After responding to the DUA’s questionnaire, you’ll receive a “non-monetary determination,” which includes the acceptance or rejection of unemployment benefits. If your application is rejected, you have 10 calendar days to file an appeal through this form. After the DUA receives your appeal, you’ll have the opportunity for a hearing. You’ll receive a written decision from the review examiner within two to four weeks of the hearing.
Massachusetts’ unemployment insurance program may offer relief as you are navigating the financial impact of the coronavirus pandemic. But before applying, take some time to understand how much you may receive — and how long the unemployment benefits may last.
How has COVID-19 affected Massachusetts unemployment benefits?
In response to the coronavirus pandemic, Massachusetts has waived the one-week waiting period for receiving benefits. Here are some other updates.

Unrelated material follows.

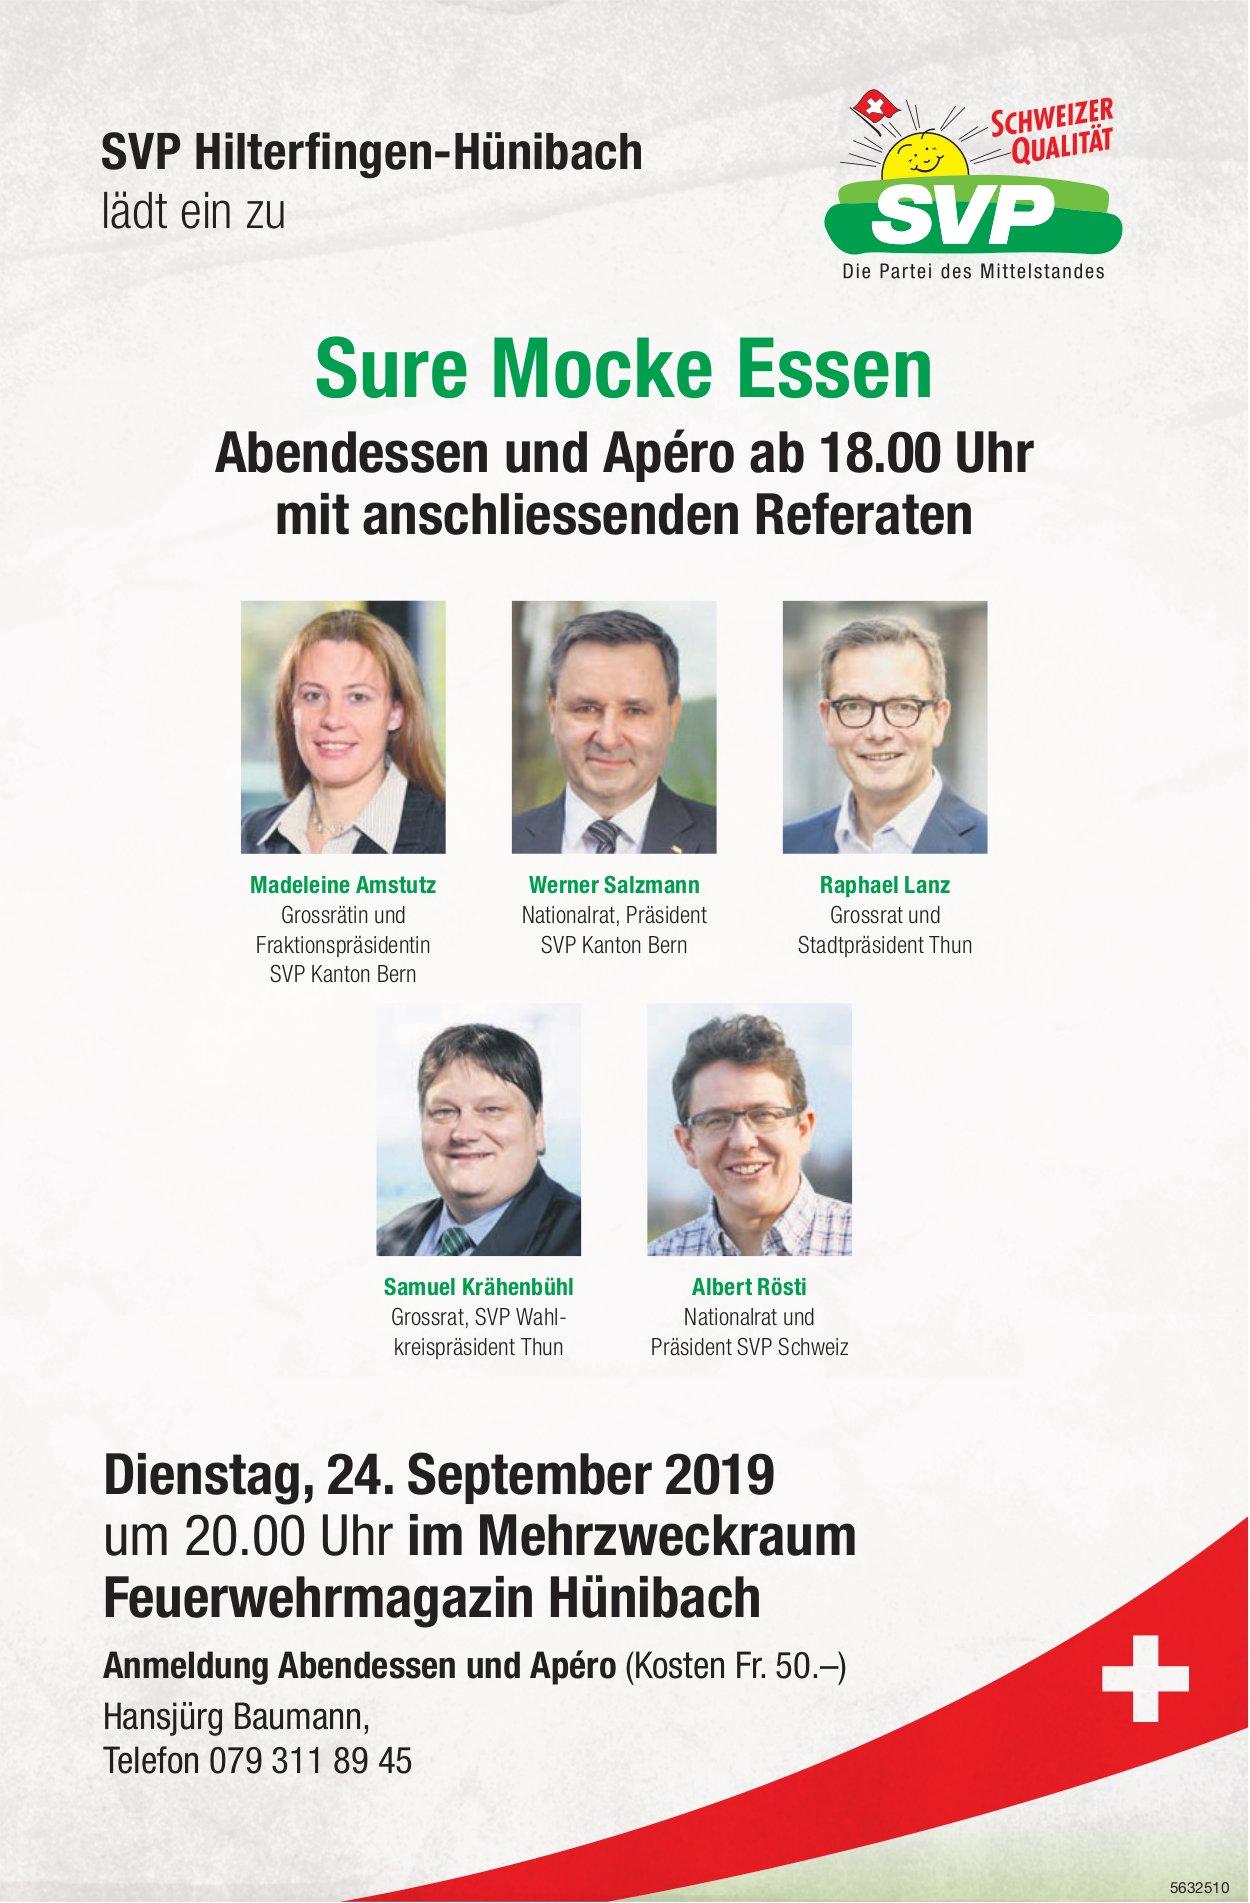 SVP Hilterfingen-Hünibach lädt ein zu Sure Mocke Essen Sure Mocke Essen am 24. September

- You may qualify for an extra $600 per week as part of Federal Pandemic Unemployment Compensation program created by the federal Coronavirus Aid, Relief and Economic Security Act. If so, you will automatically receive $600 more once you begin receiving Massachusetts unemployment benefits. Keep in mind that this $600 weekly benefit is set to expire on July 31, 2020.
- You may also be eligible for up to 39 weeks of unemployment benefits through this program.
- In addition, self-employed workers, independent contractors, gig economy workers, and others who otherwise wouldn’t qualify may now be eligible for unemployment benefits.